_What you have to do:_
The listing below is to be written out word for word, minus its images.

Data Start Marker

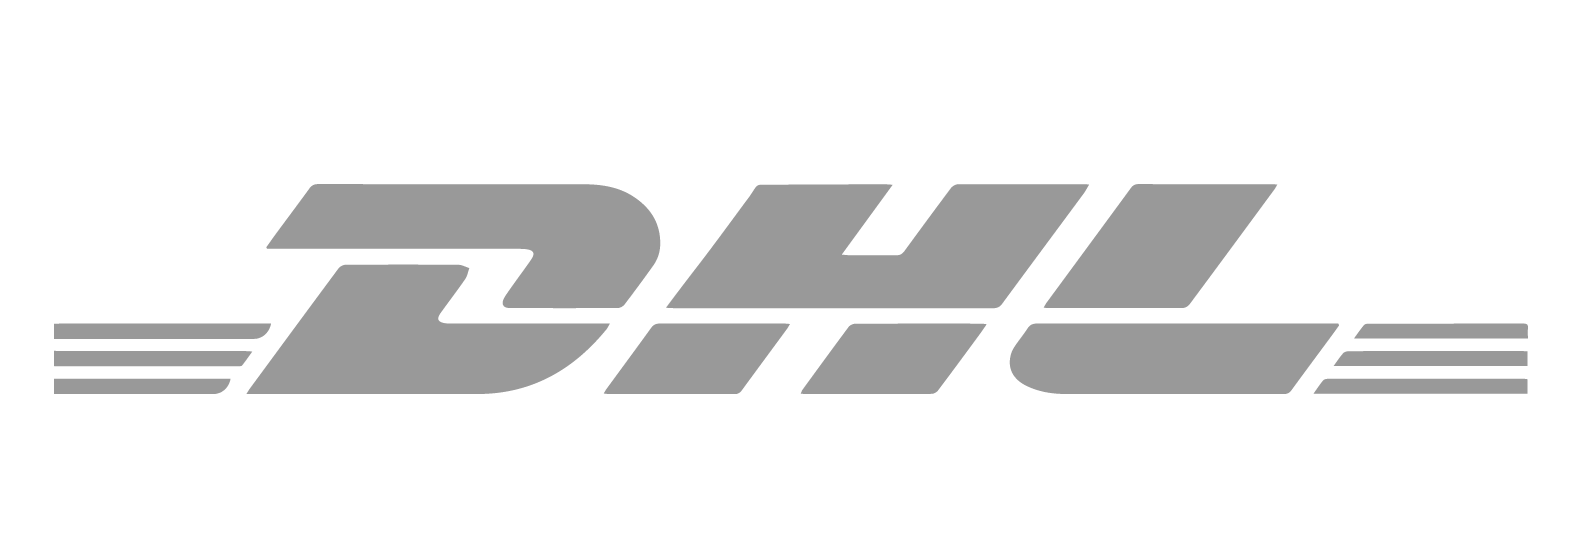 DHL logo-03
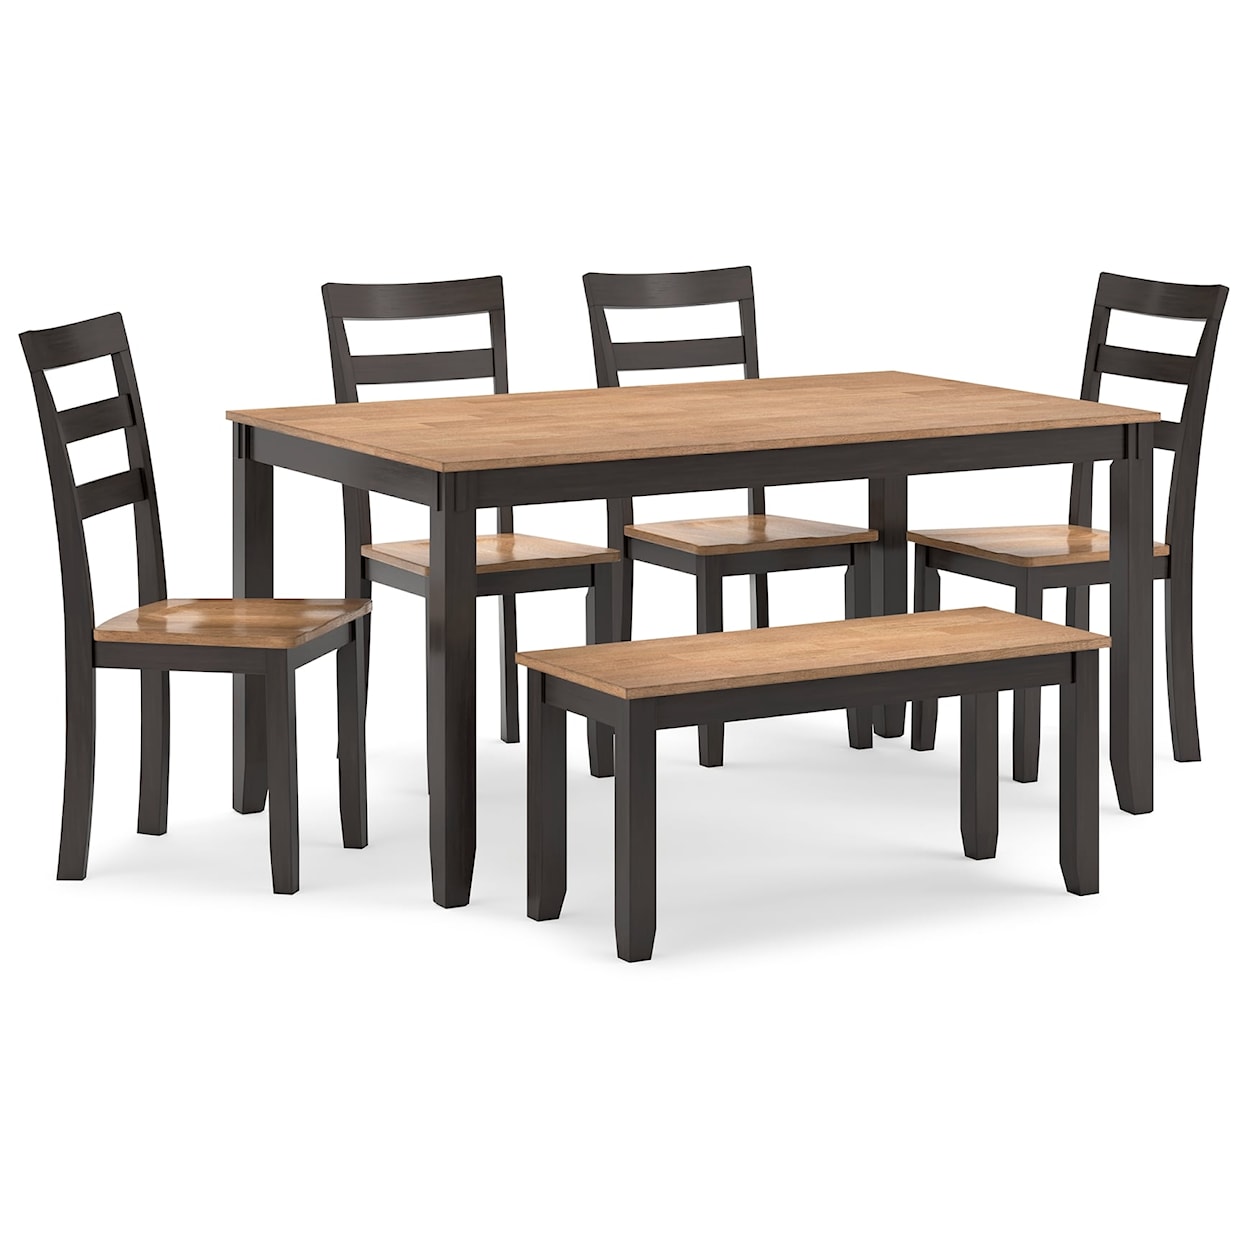 Ashley Furniture Signature Design Gesthaven Dining Room Table Set (Set of 6)
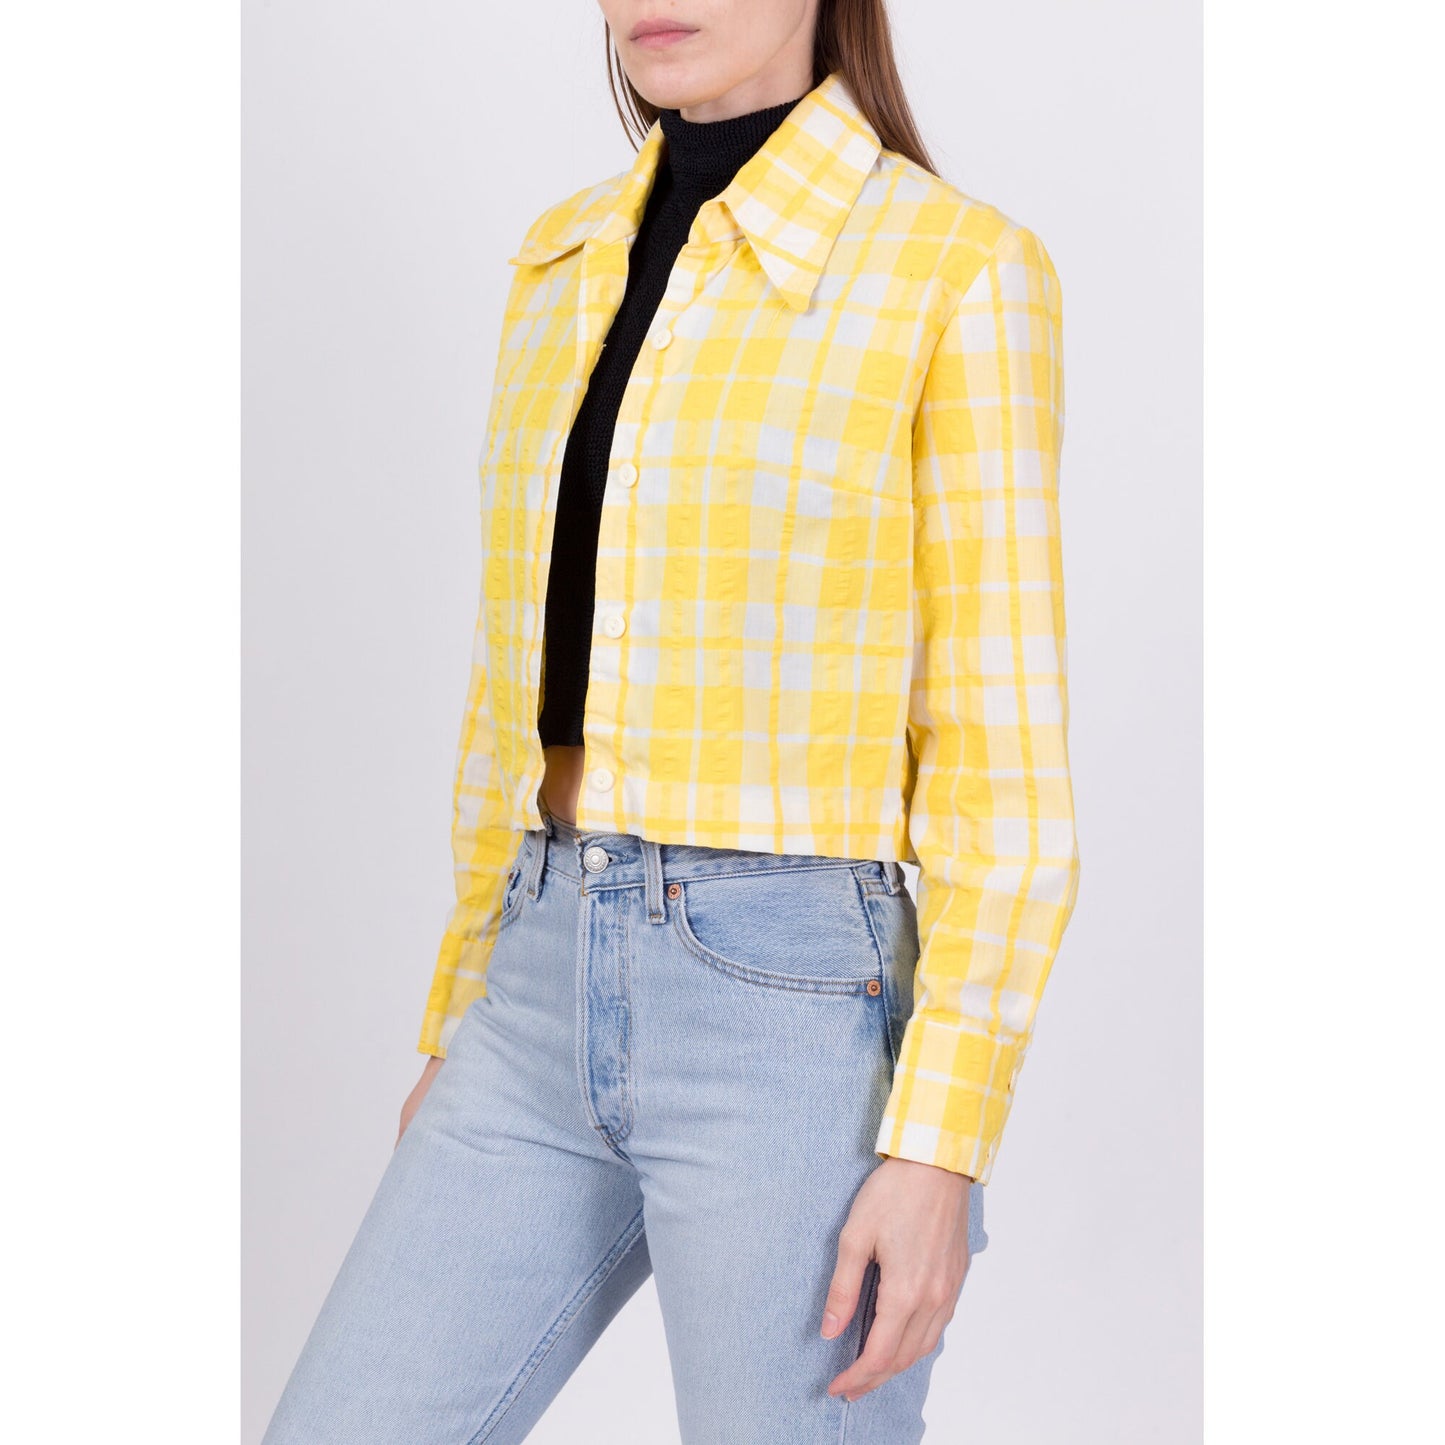 70s Yellow & White Seersucker Plaid Cropped Jacket - Medium

Data End Marker

_Task answer:_
 DHL logo-03
 Ashley Furniture Signature Design Gesthaven Dining Room Table Set (Set of 6)
 70s Yellow & White Seersucker Plaid Cropped Jacket - Medium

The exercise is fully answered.